Given that the stimuli used in the first experiment were idealized and produced by linguists, in the next experiment we document the prosodic cueing speakers naturally produce in response to the contexts written to convey strong and weak imperatives. To this end, for our second experiment we elicited productions from a new group of participants in response to the contexts.
5 Experiment 2: Production
For the production experiment, we hypothesized that participants’ recorded imperatives would be similar to the “idealized” productions used for Experiment 1; that is, that participants would produce strong imperatives with a L* nuclear accent, and weak imperatives with H*, and that both conditions would have a L- phrasal tone and a L% boundary tone.
The materials for the second experiment were the 16 target imperatives and the 32 contexts (16 strong, 16 weak) described above for Experiment 1.
Participants were asked to read a context, and then were presented with the imperative without punctuation as a text response. Participants were asked to record the response in a way that feels “natural or normal given the situation,” where the situation was the context that had been provided. Each context was presented twice, such that four versions of each phrase were collected from each participant (2 strong, 2 weak for each phrase).
Recordings were made through Audacity directly to a Windows PC at a 44.1kHz sampling rate at 16 bit-rate. Participants wore a head-mounted AKG C250 microphone connected to SoundDevices 2.0 pre-amp.

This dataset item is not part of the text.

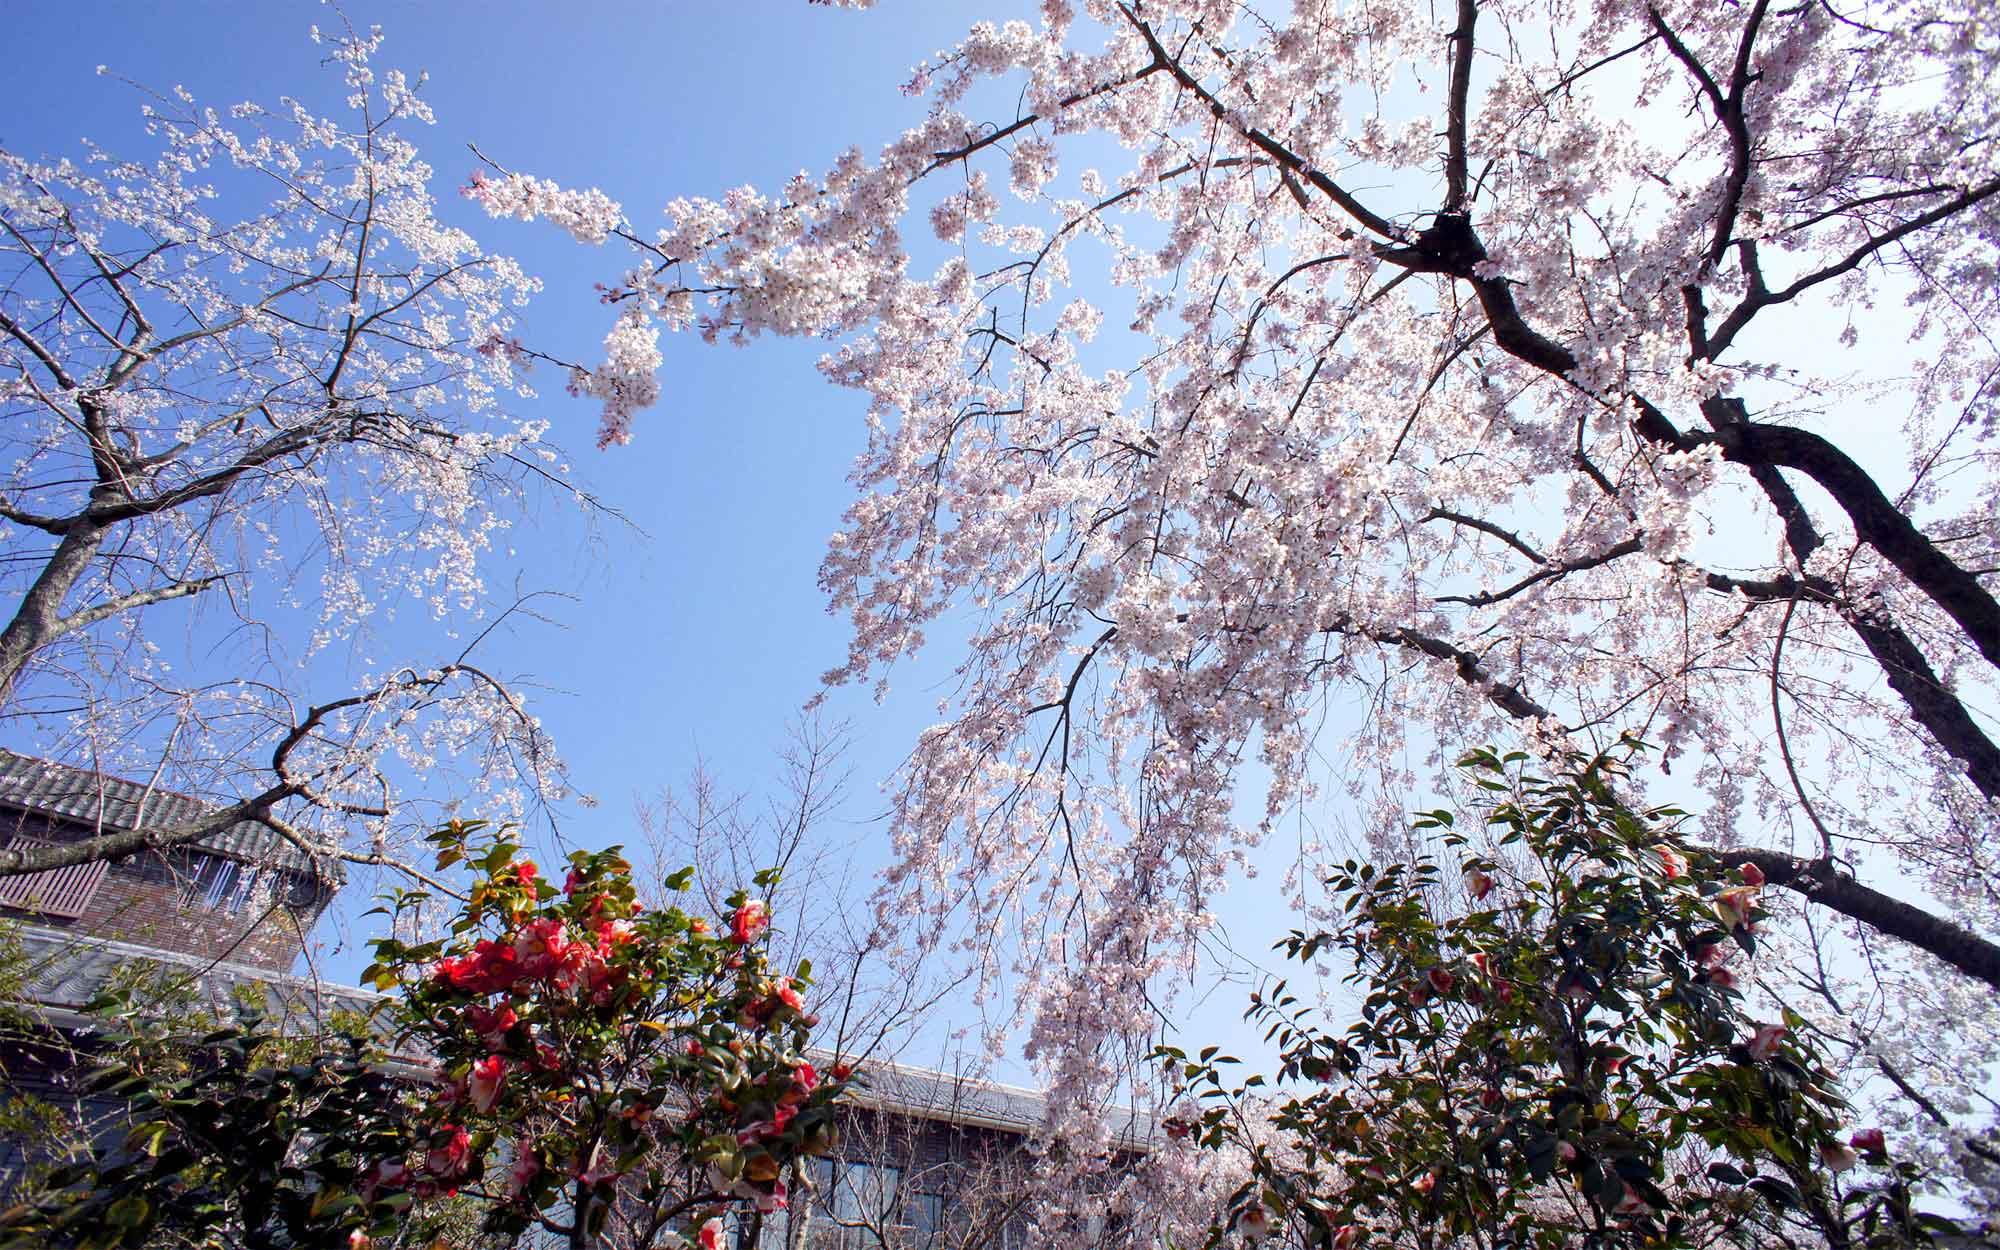 05北門ガーデン桜と椿 - 山口県 萩市|世界遺産[萩城下町]唯一の旅館 萩城三の丸 北門屋敷

Nineteen self-identified native speakers of English completed this task. Participants were recruited through a participant pool of students at the University of British Columbia, and were compensated with partial course credit.
5.4.1 ToBI Analysis
Four trained linguists coded each utterance in terms of (1) a high or low accent on the stressed word; (2) whether that high or low accent was followed by a rise or a fall, and (3) whether the final stressed word was the last word in the utterance. Example sound files were provided to the coders. The transcriptions were collected via a Praat script, with decisions (1) and (2) combined into single code (e.g., H tone on final stressed word, fall after) and coders were instructed to keep the pitch tracker off to place the focus on the auditory impression of the signal. Coding was done on a speaker-by-speaker basis, and the coders were instructed to listen to all of the sound files from one individual before beginning that speaker’s coding to familiarize themselves with that speaker’s pitch range.
5.4.2 Acoustic Analysis
The utterances were force-aligned with the Montreal Forced Aligner (McAuliffe et al. 2017) so that transcriptions of words and phones (segments) were time-aligned with the recorded .wav file. A research assistant manually checked and adjusted silent pause positions and placement, adjusting the estimated word boundaries given by the forced aligner to improve alignment accuracy, as necessary.

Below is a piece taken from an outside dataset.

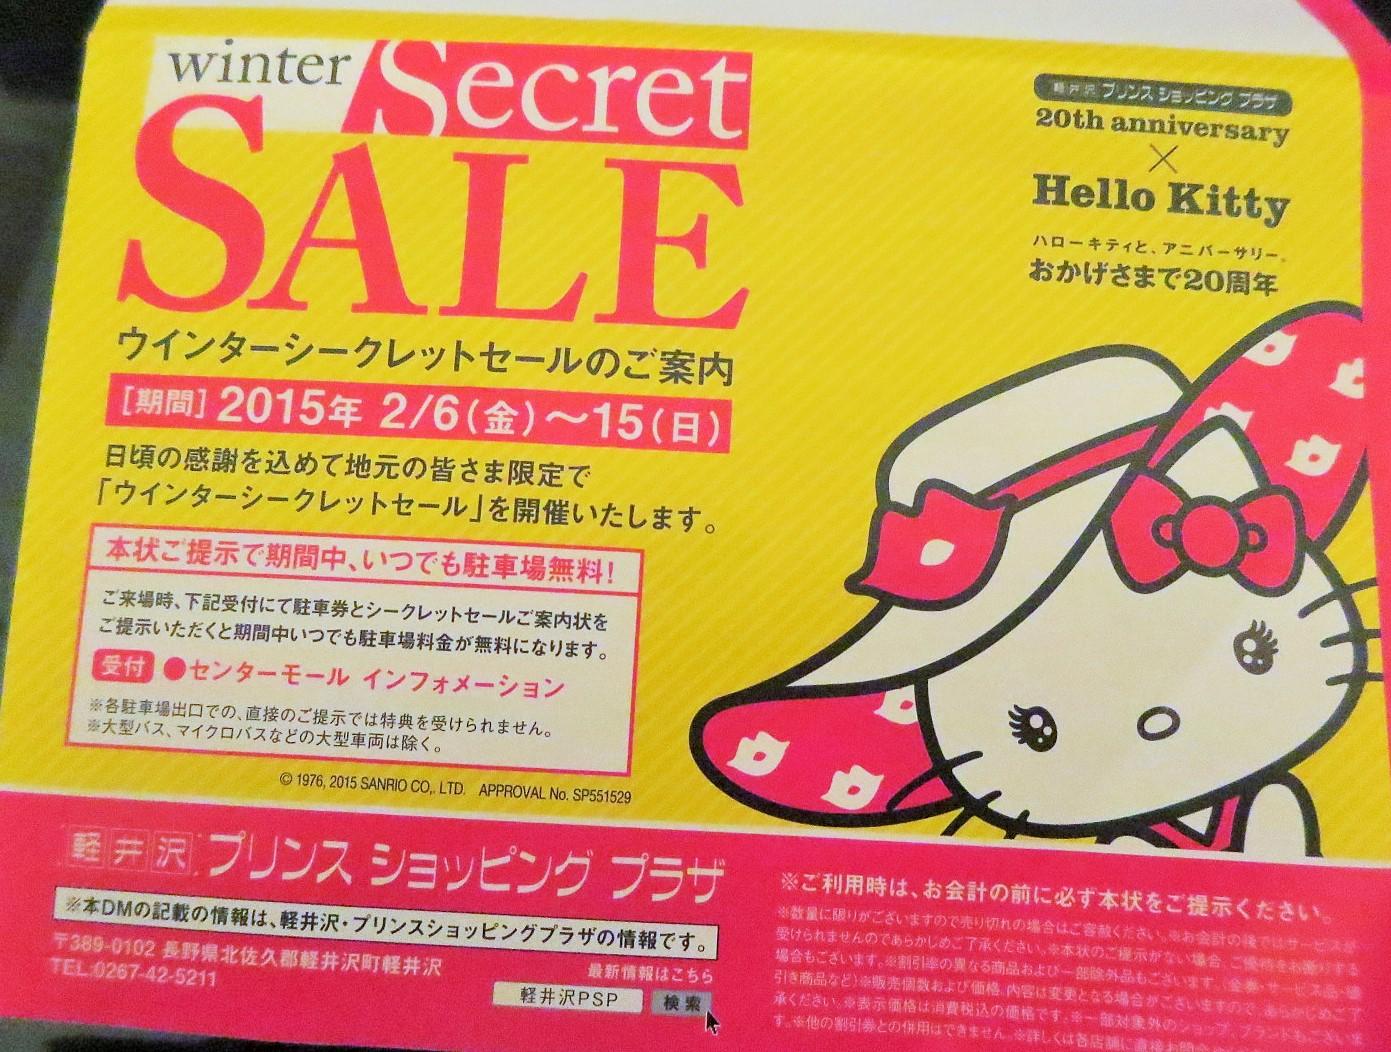 winter Secret SALE☆軽井沢・プリンスショッピングプラザ_f0236260_18561276.jpg

In annotating for our targeted set of ToBI markers, we noticed that the precise intonation contours produced were extremely variable, both within and across speakers. Furthermore, even outside of those phrase-final elements we were unable to identify a concrete alternative tone pattern that grouped one imperative reading to the exclusion of the other. Given this, we reserved an examination of the intonation contours to take place after a perceptual analysis by a group of listeners (participants in Experiment 3), to confirm that listeners are able to reliably identify the productions as strong and weak (see Section 6). At the same time, auditory impressions suggested that instead of particular intonation contours, the strong or weak imperative distinction was reflected in two macro settings: overall speech rate and overall pitch setting. The prosodic settings of speech rate and overall pitch setting are analyzed here.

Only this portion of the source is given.